Oil refinery land surrounding communities plead for environmental sensitivity

Women under the Oil Refinery Residents Association (ORRA), attend a meeting over concerns of tree clearing in the surrounding oil refinery land at Nyahaira Village in Kabaale Sub-county, Hoima District. (Photo: Gad Asaba)

Communities of Nyahaira Village surrounding the land acquired to host a proposed oil refinery in Kabale Sub-county, Hoima District, fear that before long they will experience harsh weather changing patterns due to indiscriminate tree clearing in the area.

Under their umbrella connotation of Oil Refinery Residents Association (ORRA), the residents decry the manner in which trees were unrestrainedly cleared, exposing the area to severe future environmental changes.

During their meeting, the residents feared that coupled with fumes from the refinery chimneys once oil extraction begins, it will inexorably be environmentally disastrous through carbon emissions that will plummet from the atmosphere and equally prove tragic to human life.  

Ms Darlison Kyalisiima says leaving the land bare attracts unpredictable and inescapable weather changes in a little while; even affecting arable farming in the area, save for oil.

Sound bite: Kyalisiima on tree clearing (Runyoro/Rutooro)

The Nyahaira village chairman, Mr Emmanuel Odimu, observes that since the inception of the refinery undertakings and the current construction of Hoima International Airport, many environmental degrading activities are feasible in form of tree felling.

He cautions that this will subject communities in the surrounding areas to unhealthy conditions including austere heat.

The politician suggests to relevant government authorities to always inform from the onset any project host communities of the positive and negative effects in chorus during their sensitisation campaigns.

Mr Odimu calls for government intervention before actual realisation of the aftermath of environmental destruction adding that although local leaders advise people to plant trees, it becomes hard to effect since they have small plots of land.

Sound bite: Odimu on tree clearing (English)

Mr Christopher Opio, the ORRA General Coordinator, urges appropriate government officials to meet and teach the affected persons about the negative and positive impacts likely to come along with the project to help them employ possible solutions to the problems.

He also suggests that government departmental technocrats should advise the affected people about the tree species they should plant to absorb the fumes that will be billowing and plunging from the oil refinery chimneys and atmosphere respectively so they can sink the greenhouse gas for a healthy life and environment.

Sound bite: Opiyo on government (English)
A man under ORRA emphasises a point during a meeting at Nyahaira Village in Kabaale Sub-county, Hoima District. (Photo: Gad Asaba)

To assuage environmental destruction, Mr Steven Pimundu, also resident of the area craves for government provision of tree seedlings for planting to save the environment from being affected by the resource that will bring in the petrodollar.
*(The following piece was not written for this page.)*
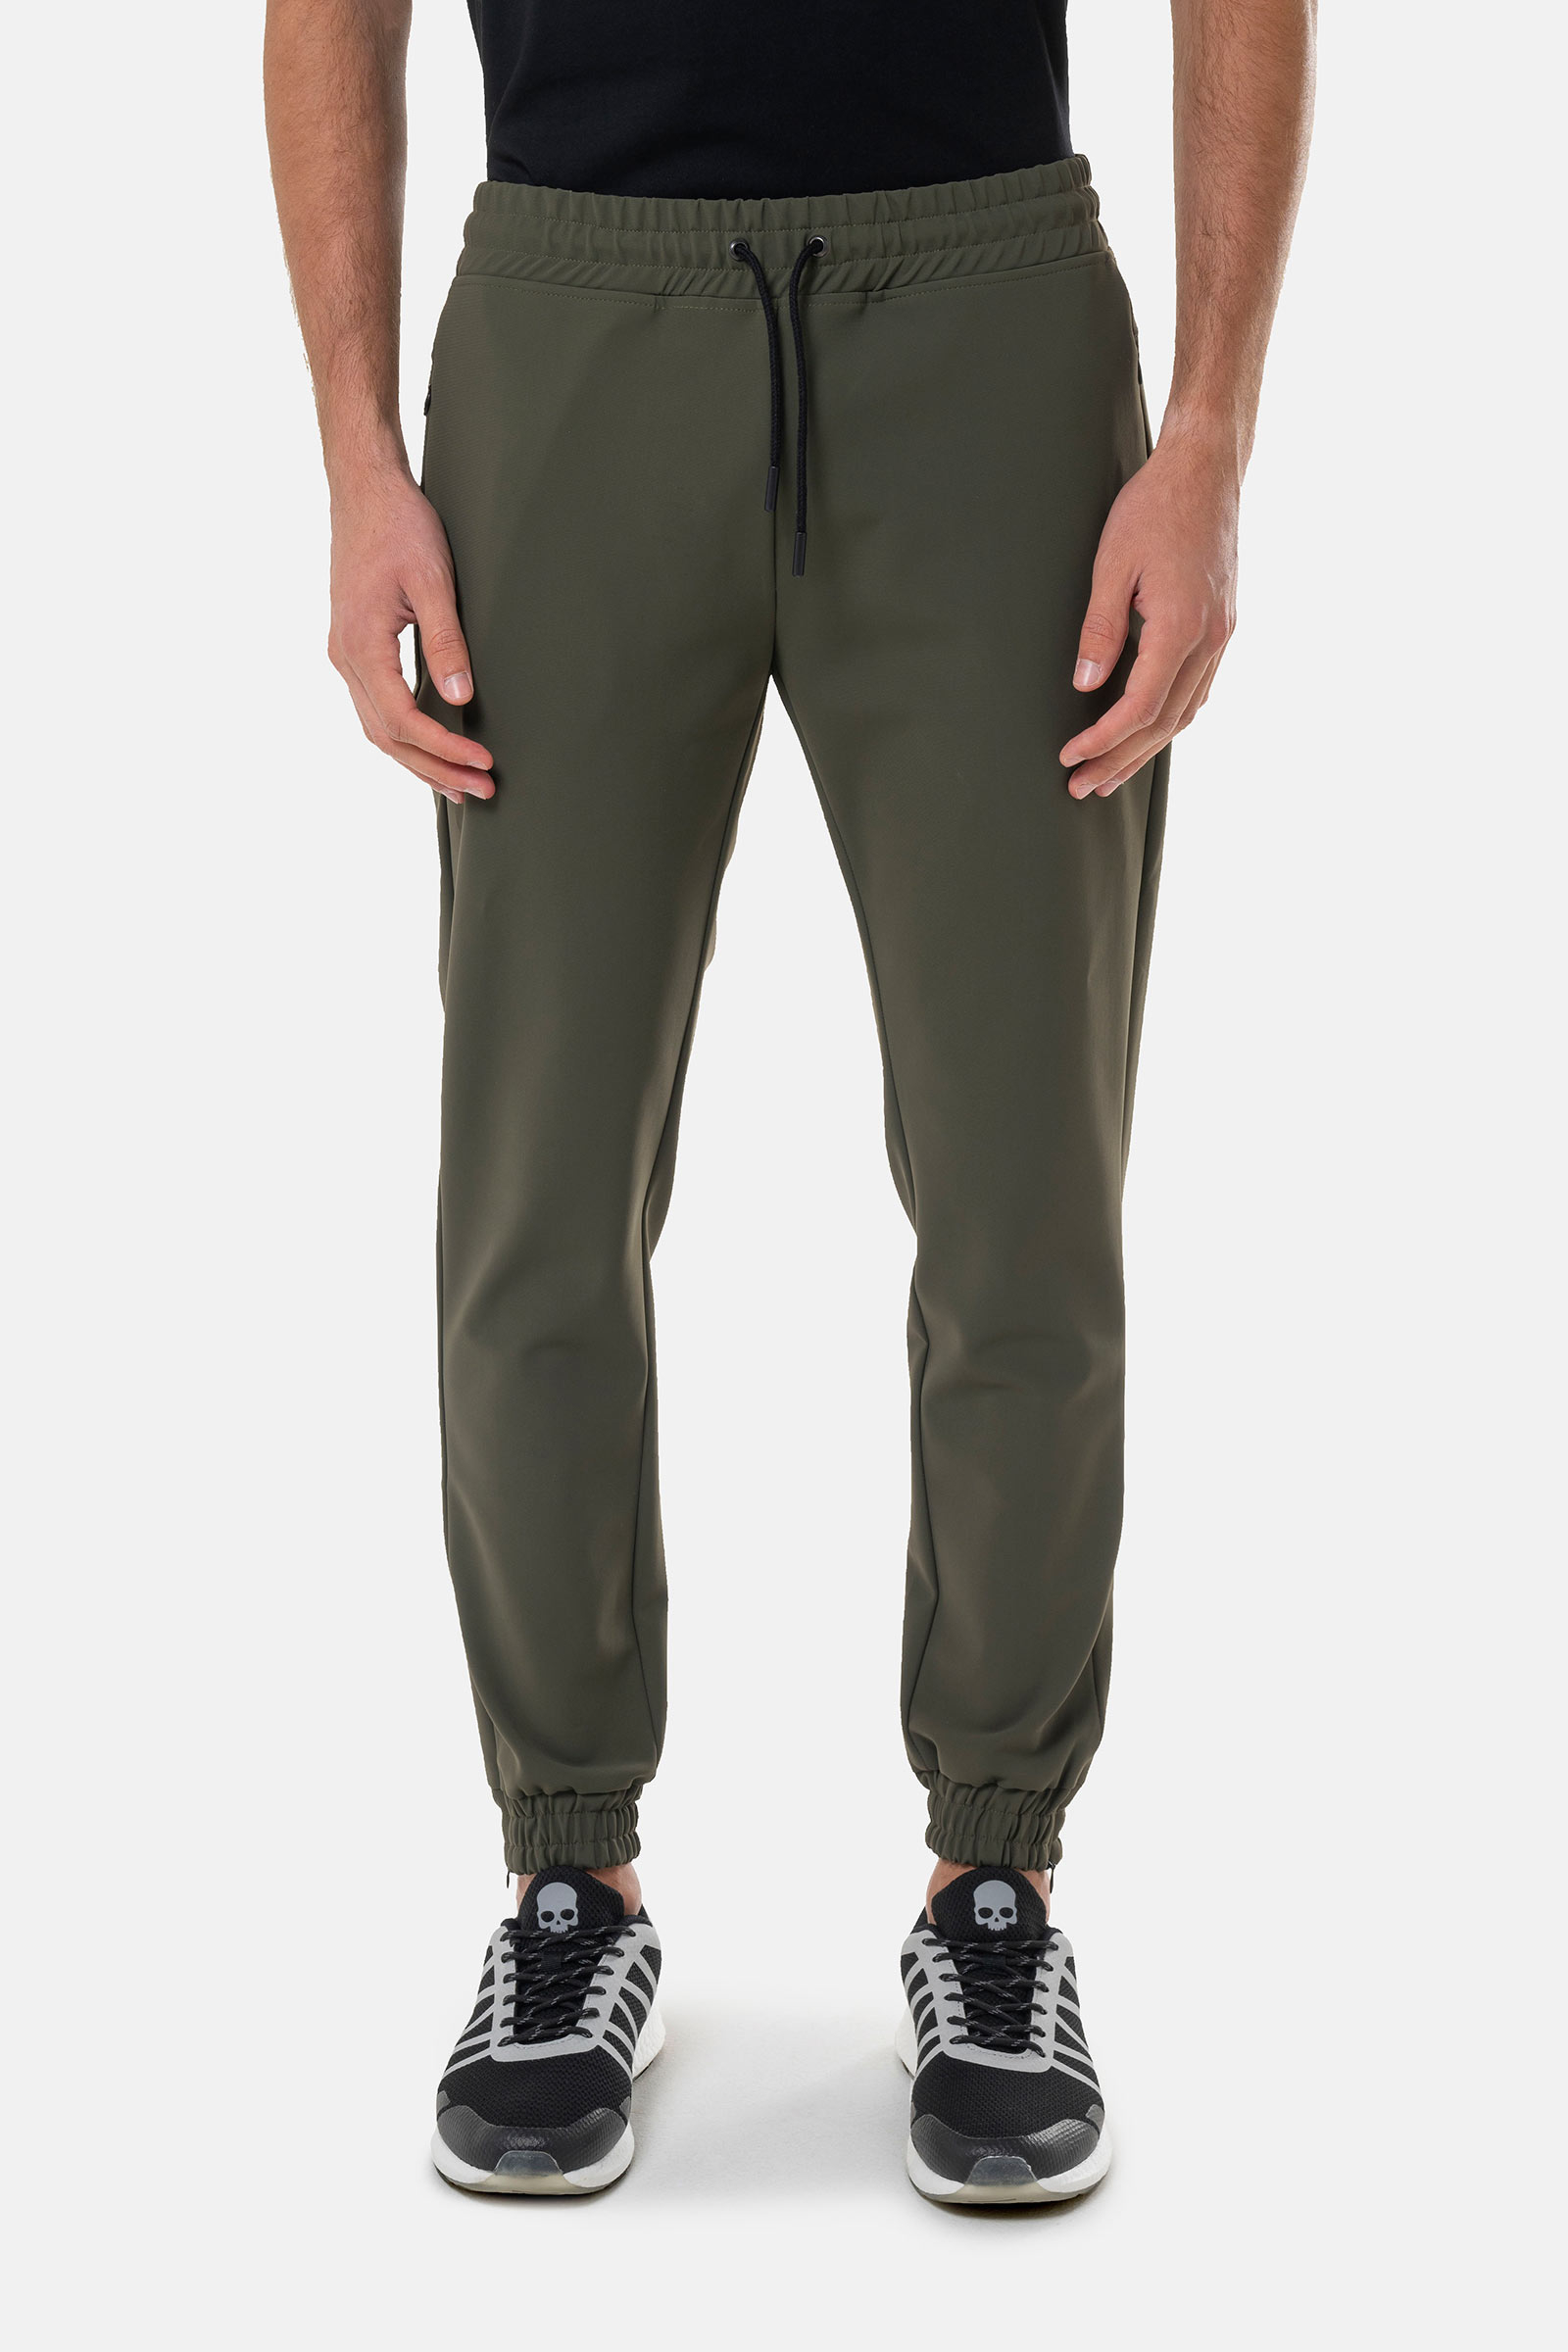 TECH PANTS - GREEN - Hydrogen - Luxury Sportwear
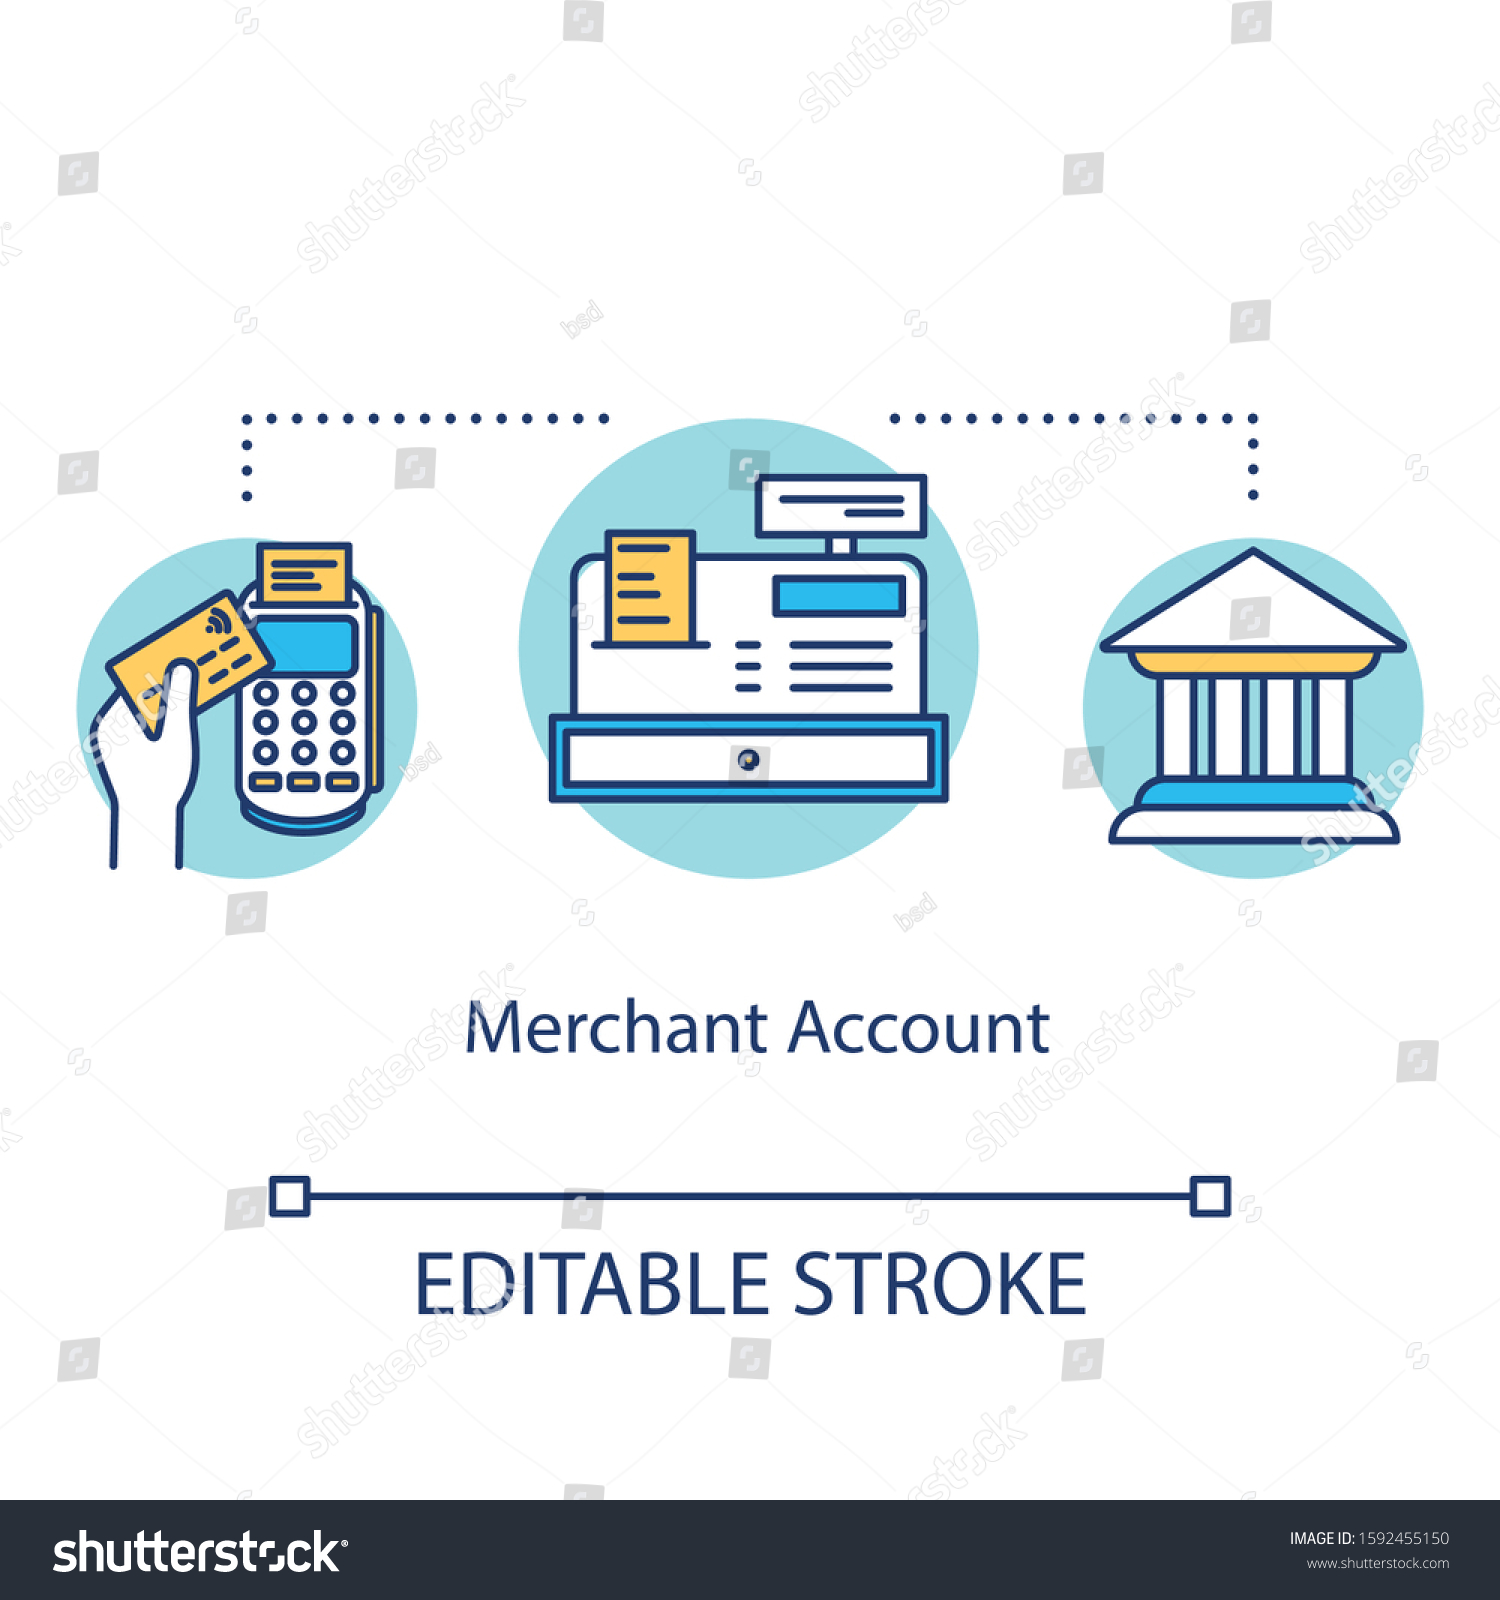 merchant account icon

Sound bite: Pimundu on tree clearing (Runyoro/Rutooro)

The Petroleum Authority of Uganda (PAU) continues advising people to plant indigenous trees that absorb carbon from the atmosphere.

The advice has so far been taken up by some farmers in Hoima and the neighbouring Masindi district.

This website reported in 2020 that Ms Beatrice Ahimbisibwe, a farmer in Hoima said she developed the idea of tree farming that she started practicing in 2003 after seeing farmers earn big from carbon sales.

She revealed that she grows species like Ficus called “Omutoma” in Runyoro, prynas, tanaira and fagara recommended for carbon credits and best for carbon sequestration.

Carbon sequestration is a process in which trees, shrubs and organic matter like soil remove and store carbon from the atmosphere.

After farmers have grown indigenous trees, clients of carbon calculate the growth and storage of carbon over time to accurately depict the carbon sequestration rate of the trees.

The clients pay according to the carbon credits discovered in the trees.

Mr Peter Nyeko, a Masindi-based farmer and a member of the Hoima Tree For Global Benefit (TGB) Farmers Group says he also engages in planting trees for carbon revealing that in less than 10 years he had earned Shs3.2b from carbon sales.